Voere
- Company type: Private
- Industry: firearms
- Predecessor: Koma in West Germany
- Founded: 1948 in West Germany
- Headquarters: Kufstein (Tyrol), Austria
- Products: Military rifles, hunting rifles, air pistols
- Website: voere.com

= Voere =

Austrian firearm manufacturing company

Voere is an Austrian firearm manufacturing company best known for its VEC-91 bolt-action rifle using caseless ammunition.

The origins of the company date back to the 1948 establishment of the metal-working company Koma in West Germany. Originally producing bicycle pumps, the company branched out into the production of air pistols in 1950. In 1955, Koma was renamed Voere. The company's name is a combination of the founders' names: Voetter and Restle. That year, Voere began the production of small-bore rifles.

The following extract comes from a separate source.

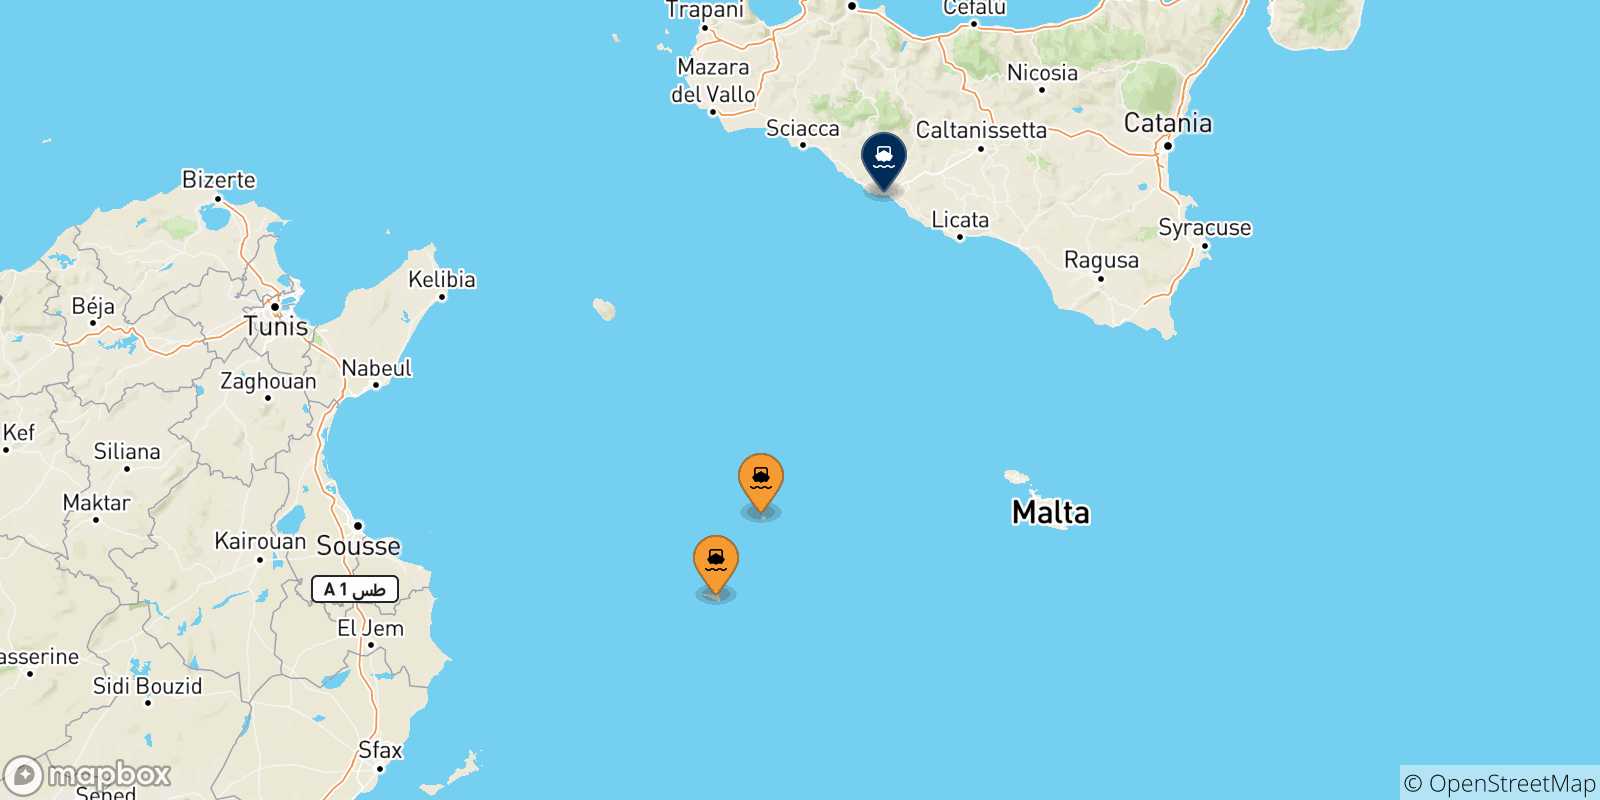 Mappa delle possibili rotte tra le Isole Pelagie e Porto Empedocle
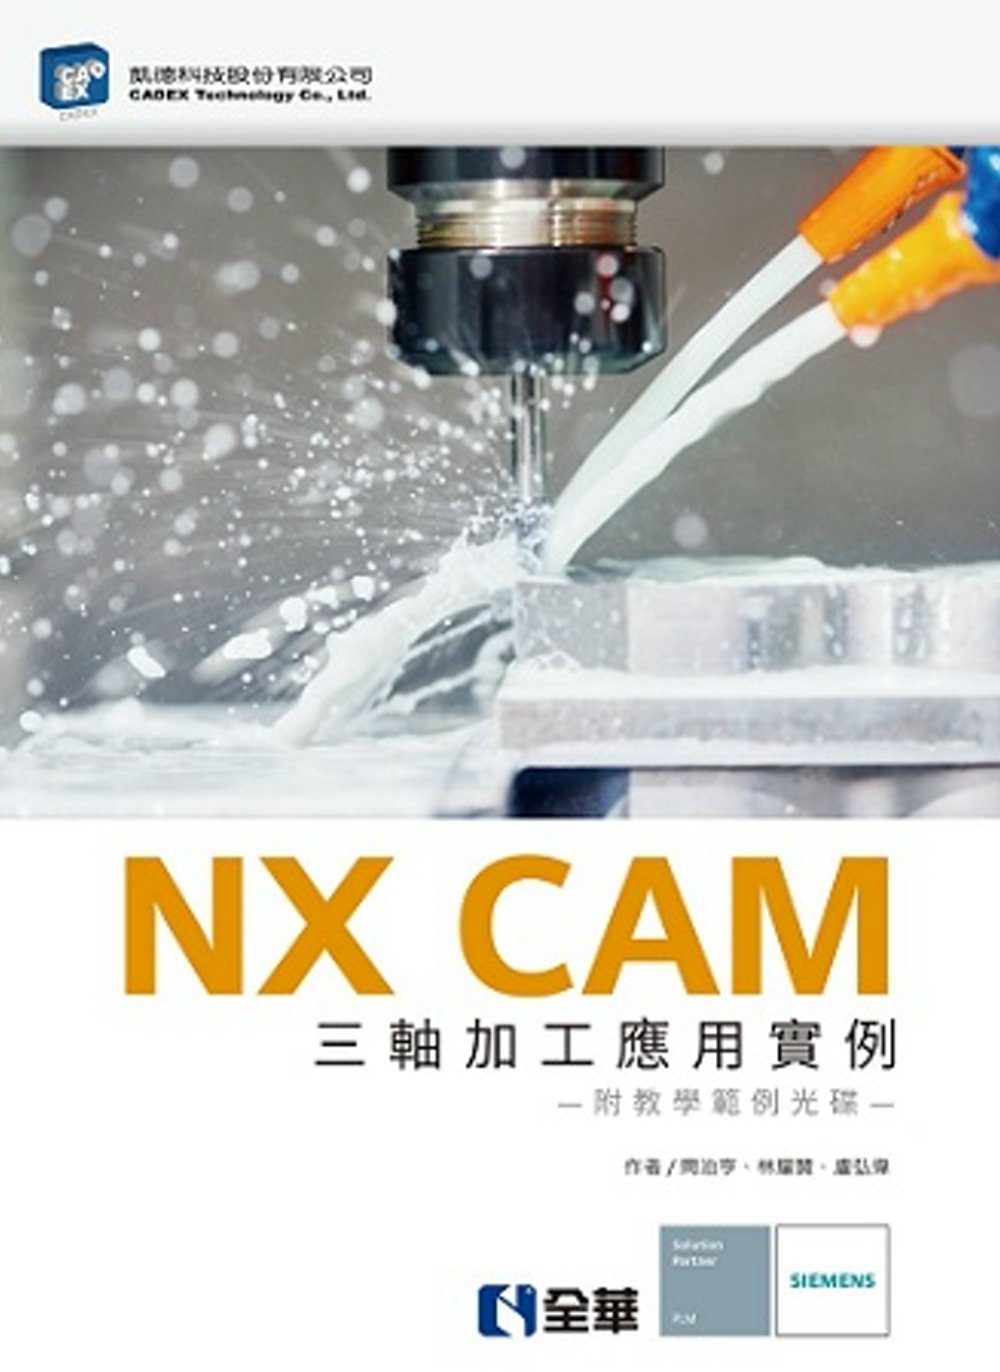 NX CAM 三軸加工應用實例(附教學範例光碟)

In 1965, the company relocated to a new factory in Kufstein, Austria. In 1972, licensed production of the American-180 submachine gun began. By 1980, the company began to diversify its production, and included a new line of environmental/horticultural products. In 1989, Voere merged with the trading company Kufsteiner Gerätebau und Handelsges m.b.H and formed Voere-KGH m.b.H. At that time, Voere began work as a precision machining subcontractor for other companies. The VEC-91 caseless rifle was introduced in 1991.